Health officials report an unusually high number of cases of a rare polio-like illness known as acute flaccid myelitis (AFM) that causes muscle weakness and paralysis, usually in children. So far this year, the Centers for Disease Control and Prevention (CDC) has received reports of 127 possible cases of AFM across the United States, and 62 cases have been confirmed as AFM in 22 states.

“Of the confirmed cases, the average age is about 4 years old,” said Nancy Messonnier, MD, director of the National Center for Immunization and Respiratory Diseases (NCIRD), in a press briefing. “More than 90 percent of the cases are in children age 18 years and younger.”

While public health officials say they are getting better at diagnosing and tracking the condition, which affects the nervous system, it remains unclear why cases of the condition have spiked each autumn since 2014.

“Despite extensive laboratory testing, we have not determined what pathogen or immune response caused the arm or leg weakness and paralysis in most patients,” said Dr. Messonnier. “We don’t know who may be at higher risk for developing AFM or the reasons why they may be at higher risk.”
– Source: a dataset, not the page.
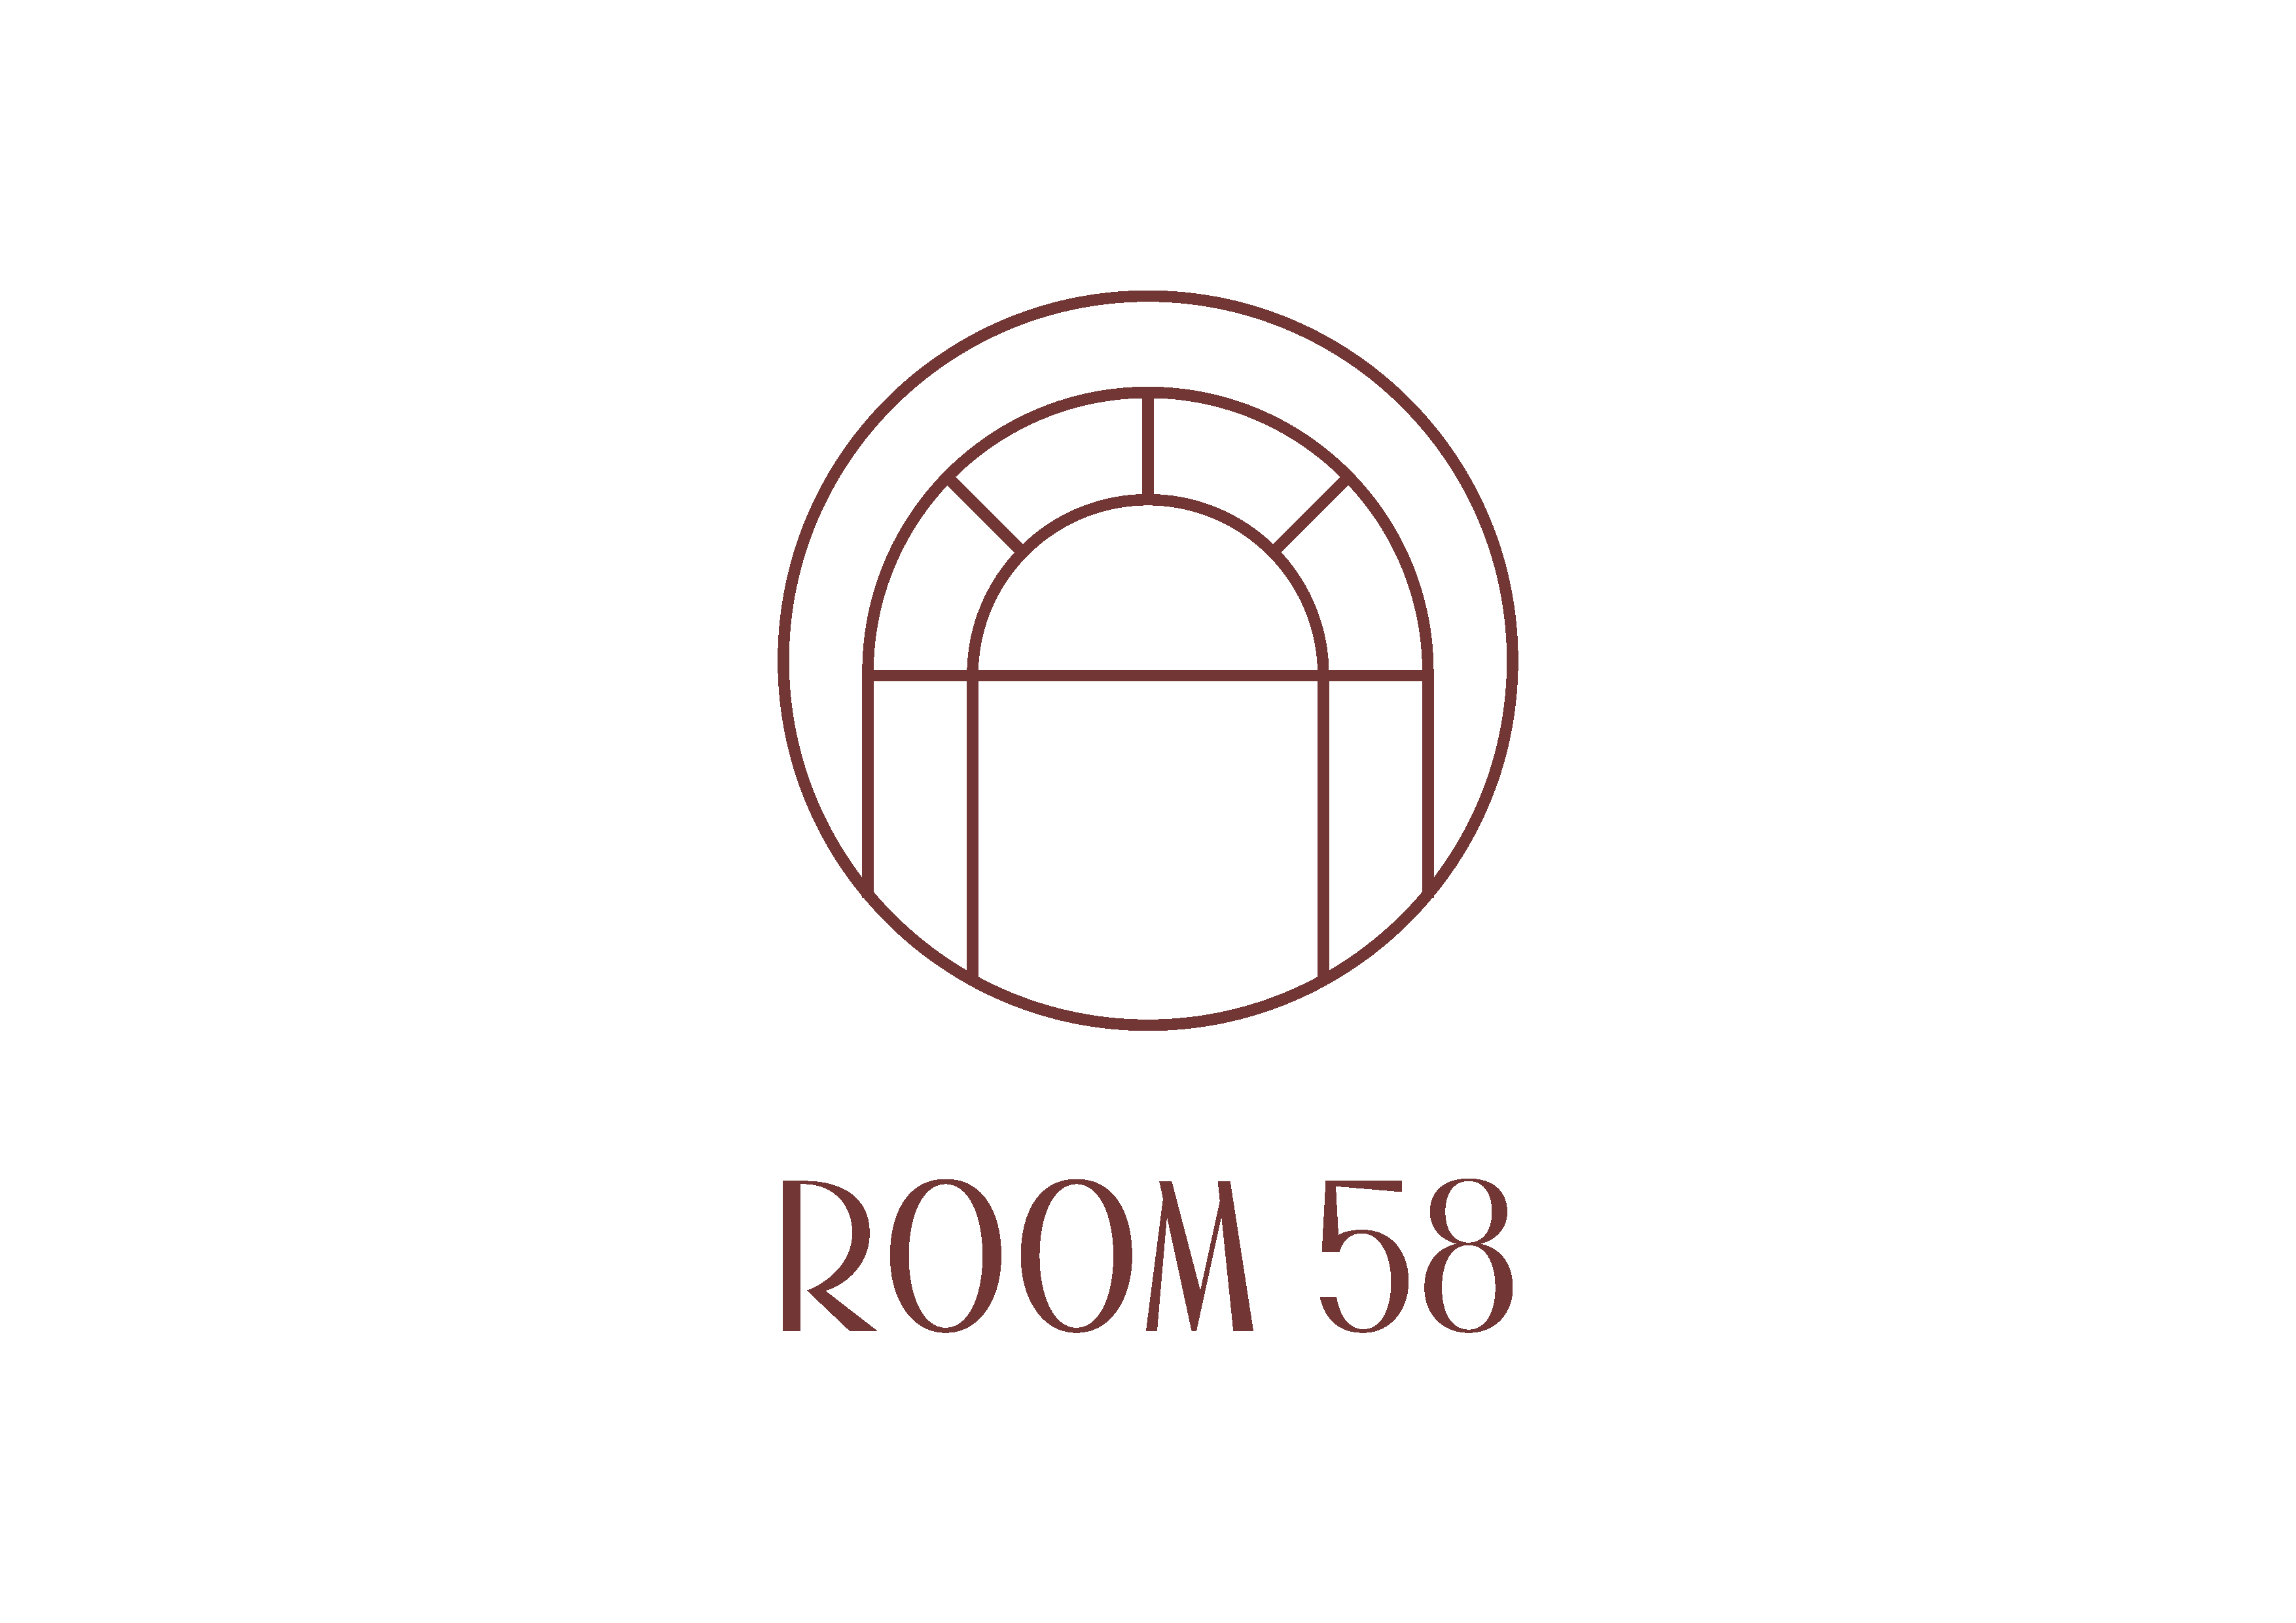 Room 58

Diagnosed mostly in children, AFM specifically strikes the spinal cord. Some children have mild cases, such as temporary limb weakness — flaccid or floppy limb strength — and fully recover. But children with severe cases often experience sudden paralysis or weakness in the arms or legs that persists. They can also have droopy eyelids and difficulty swallowing and speaking. In the worst cases, respiration is suppressed, requiring life-saving use of a ventilator.

A Rare but Alarming Condition

Fewer than one in one million people develop the illness in the United States each year, but the recent increase in cases has alarmed public health officials because not all of the children fully recover.

“It’s a concern any time you have something recurring every few years and we don’t know exactly what causes it,” says Mobeen Rathore, MBBS, chief of the division of pediatric infectious diseases and immunology at the University of Florida College of Medicine in Jacksonville, who serves on the American Academy of Pediatrics committee on infectious diseases. “This has a significant impact on the children, and it occurs in mostly healthy kids.”

Mild cases can be especially difficult to diagnose, Dr. Rathore says. No diagnostic test exists; doctors use criteria from the CDC to make a diagnosis, which includes an MRI exam to look for lesions in the spinal cord.

“Many of the cases are not recognized unless you are attentive to it or suspect it,” he says. “It’s probably the tip of the iceberg.”